With a strangled cry, he jerked himself away and stood up.
“Anton?” she asked in confusion.
“We can’t . . . Céline, we can’t. Not like this.”
She stared at him, beyond hurt. He knew he could never erase what he’d just done, but there was more here at stake, and he dropped to his knees. “I need you to be my seer tonight,” he begged. “I need you to come back to yourself. Please, Céline.”
She blinked. “Is that why you . . . ?” She stood up.
He’d said everything wrong. He had not kissed her or been kind to her so that she would recover herself and be useful to him.

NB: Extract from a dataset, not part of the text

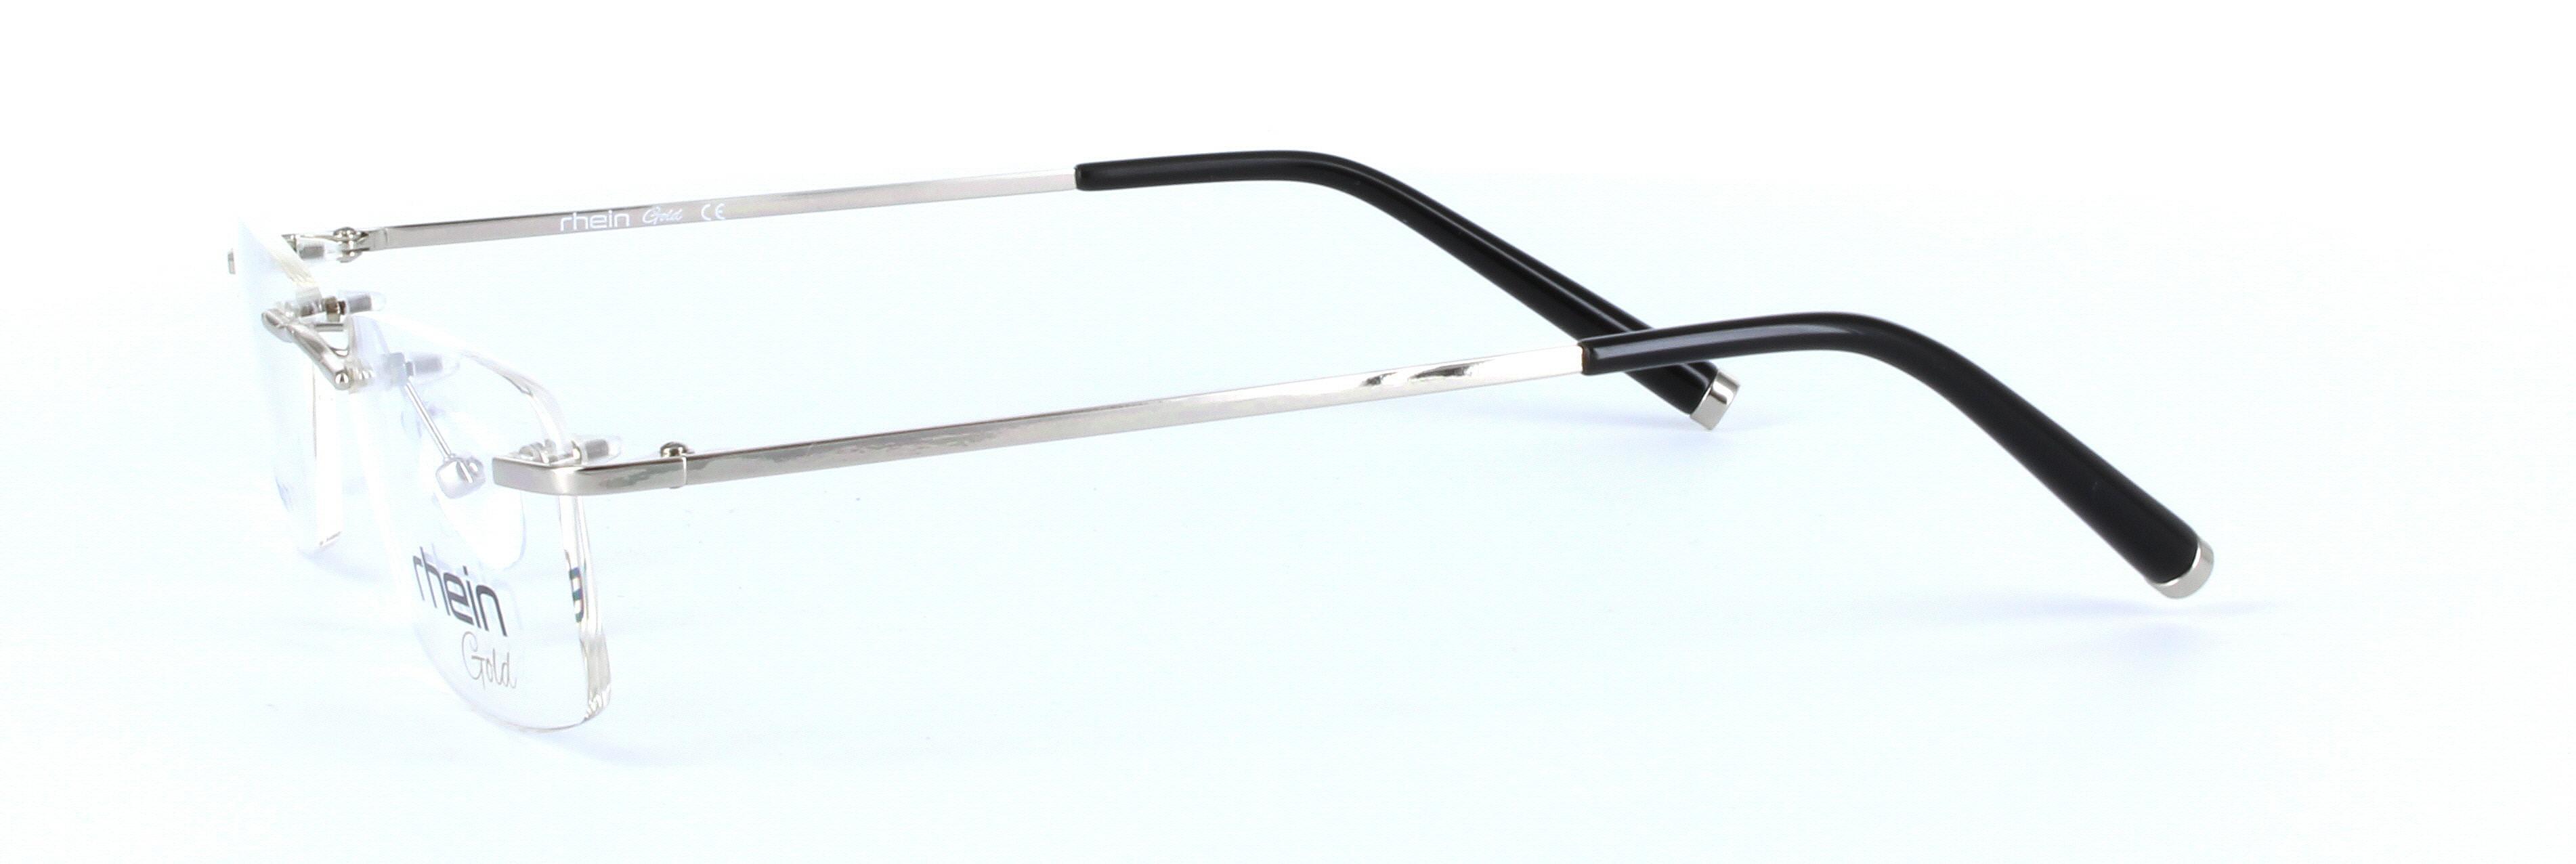 Silver Rimless Rectangular Titanium Glasses Palmer Titanium - Image View 2

“Of course, my lord,” she said stiffly.
“I didn’t mean—”
“Anton!” Damek called from the front of the stable. “What are you doing? Have you found anything?”
“No. We’re coming,” he called back.
Céline wouldn’t look at him. “Which stable next?” She sounded so cold, but maybe that was best. At least he couldn’t hurt her if she wouldn’t let him get close.
“The one on the east side. The innkeeper said it was the largest.”
She walked away, heading for the front of the stable.
> * * *
After trying several inns with no success, Amelie and Heath spotted a two-story tavern with what looked to be separate rooms on the upper floor—or at least from what they could guess by peering up through the windows.
The bottom floor was well lit, and voices came from inside.
Amelie shrugged. “It’s worth a try.”
She had opted to walk and lead her horse, as she couldn’t bear the thought of climbing into the saddle again. So Heath walked beside her, leading his mount as well. They both passed their reins up to a Väränj guard.
“Wait out here,” Heath told the men.
He and Amelie headed for the front door of the tavern.
Inside, it was less populated than she’d expected. There were only four patrons inside, all at the same table, but they were laughing loudly and appeared nearly drunk. A spindly man with an equally spindly beard stood behind the bar.
Heath walked up to the bartender. “Good evening. Do you rent the rooms above-stairs?”
The man glanced at Amelie, back to Heath, and smiled. “I do, sir. Clean rooms, and I’ll give you a fair price.”
“Do you have any guests already tonight?”
The man’s smile faded. “Why do you ask?”
Something about this caught Amelie’s attention, and she watched the bartender as Heath repeated his story about the miscommunication with his sister. When he described Rochelle and Maddox, the man’s expression flickered.
He shook his head. “Sorry, I can’t help. I don’t have any guests and haven’t seen ladies with red-gold hair. I’d remember if I did.”
This time, Heath smiled. “One moment, please.”
He motioned Amelie to remain where she was, and he walked over to the door, cracking it and peering out. “Lieutenant?” he called, and held up two fingers.
As he came back to the bar, two Väränj guards in red tabards walked in and the table of drunkards fell silent. The bartender began backing away, and like lightning, Heath grabbed his wrist and slammed his hand down on the bar.
The action caught Amelie by surprise. Heath didn’t look strong enough to pin another man like that.